Het meest kenmerkende gebruik is de Fahombe, het steenspringen. Door over een twee meter hoge en aan de bovenkant halve meter brede stenen pyramide te springen kon je als jongen bewijzen dat je een echte vent was. De sprong diende ook als oefening voor de strijd waarin je bewapend over de bamboeversterkingen van de vijand moest kunnen springen. Tegenwoordig dient het ter vermaak van de toeristen.
Mentawai
De Mentawai-eilanden ten westen van het eiland Sumatra worden bewoond door zo'n 50.000 Mentawaiers. Op het eiland Siberut wonen zo'n 22.000 mensen. Lange tijd hebben de Mentawaiers een geisoleerd bestaan geleid waardoor ze over een archaische cultuur beschikken die mogelijk ooit in heel Indonesie kenmerkend was. De Mentawaiers waren onbekend met de verbouwing van rijst en gierst maar ook met metaalbewerking, aardewerk en gewoven stoffen. De Mentawaiers zijn animisten, ze geloven dat alle levende wezens en voorwerpen bezield zijn.

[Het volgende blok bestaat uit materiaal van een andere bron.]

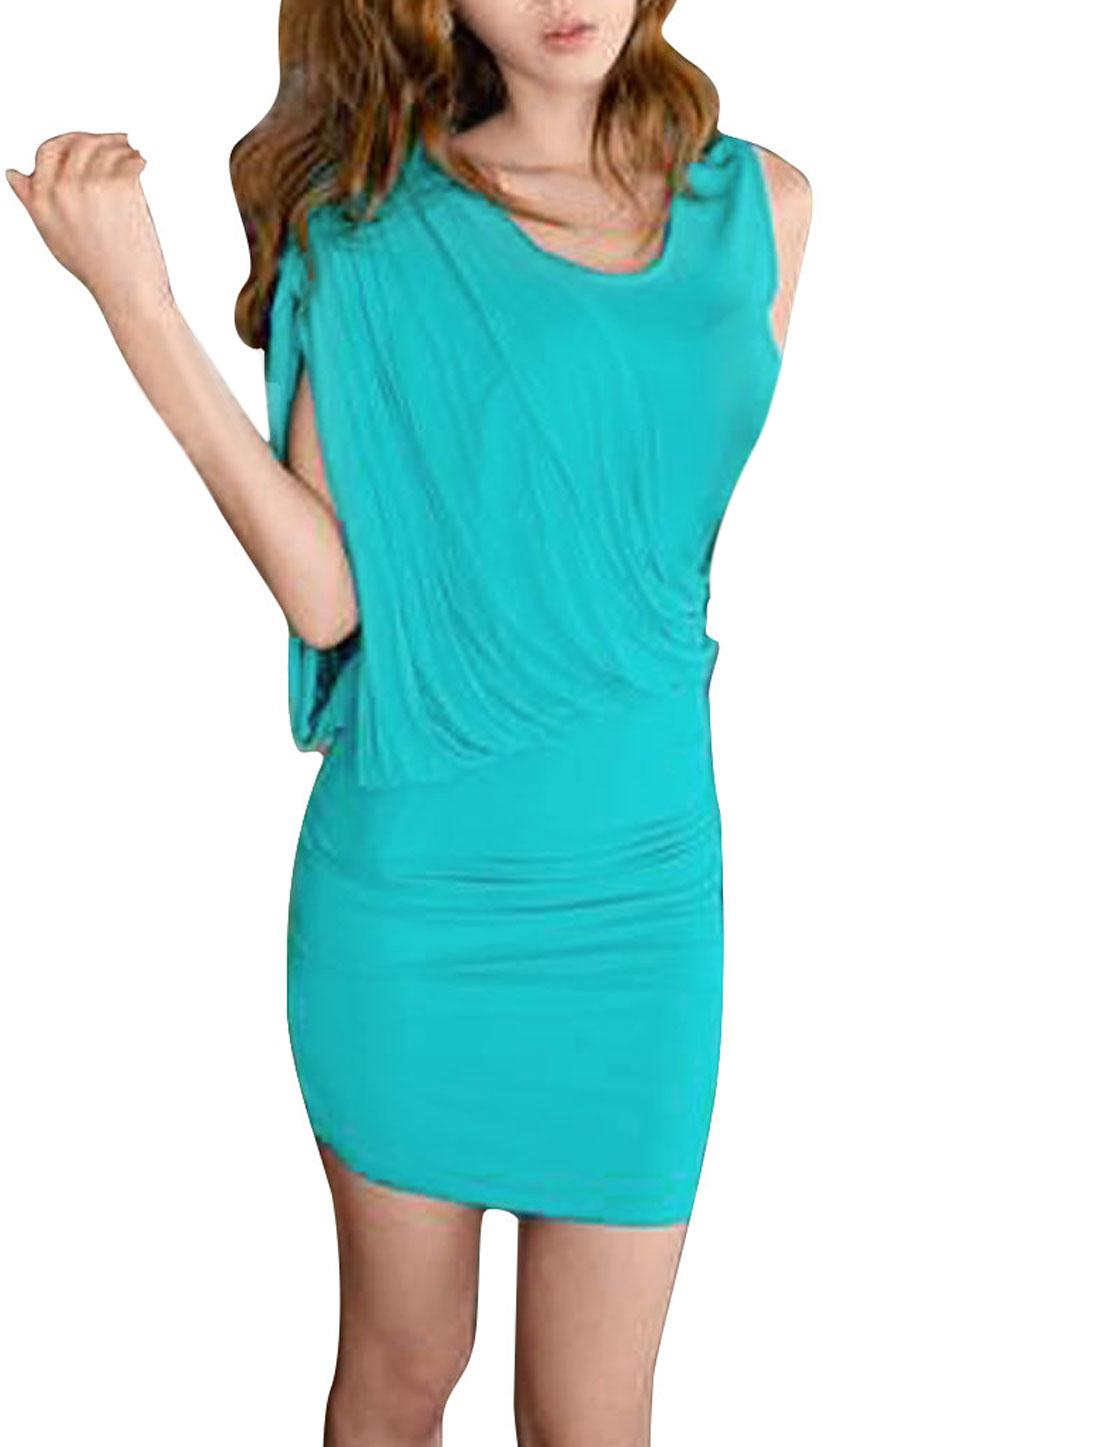 Ladies Light Blue Elastic Gathered Detail Asymmetric Mini Dress XS

De wereld wordt niet alleen bewoond door mensen maar ook door geesten en demonen die je al of niet kunt zien. Deze geesten en demonen kunnen iemand serieuze schade berokkenen als je er niet op de juiste wijze mee omgaat. Een medicijnman is vaak degene die precies weet wat voor rituelen er moeten worden verricht om de geesten en demonen te vriend te houden of af te weren. Het verbouwen van knolgewassen als taro, de jacht, visvangst en het fokken van kippen varkens zijn de middelen van bestaan.
Kubu
De Kubu zijn de jagerverzamelaars die al eeuwenlang leven in de ontoegankelijke regenwouden van de provincies Jambi en Zuid-Sumatra. De nomadische Kubu weten te overleven in de jungle door een enorme varieteit aan eetbare produkten uit het bos te verzamelen en door de jacht. Landbouw vind praktisch niet plaats, ze leven van wat het bos in de aanbieding heeft. Ze jagen op herten, hagedissen, beren, apen, vogels en in het verleden zelfs olifanten.
Het enige dier waar ze niet op jagen is de tijger aangezien ze het dier als heilig beschouwen. Voor de jacht gebruiken ze alleen een hond om de prooi op te jagen en de speer om het karwei af te maken. Verder gebruiken ze alleen nog verschillende soorten vallen om de kleinere dieren te vangen.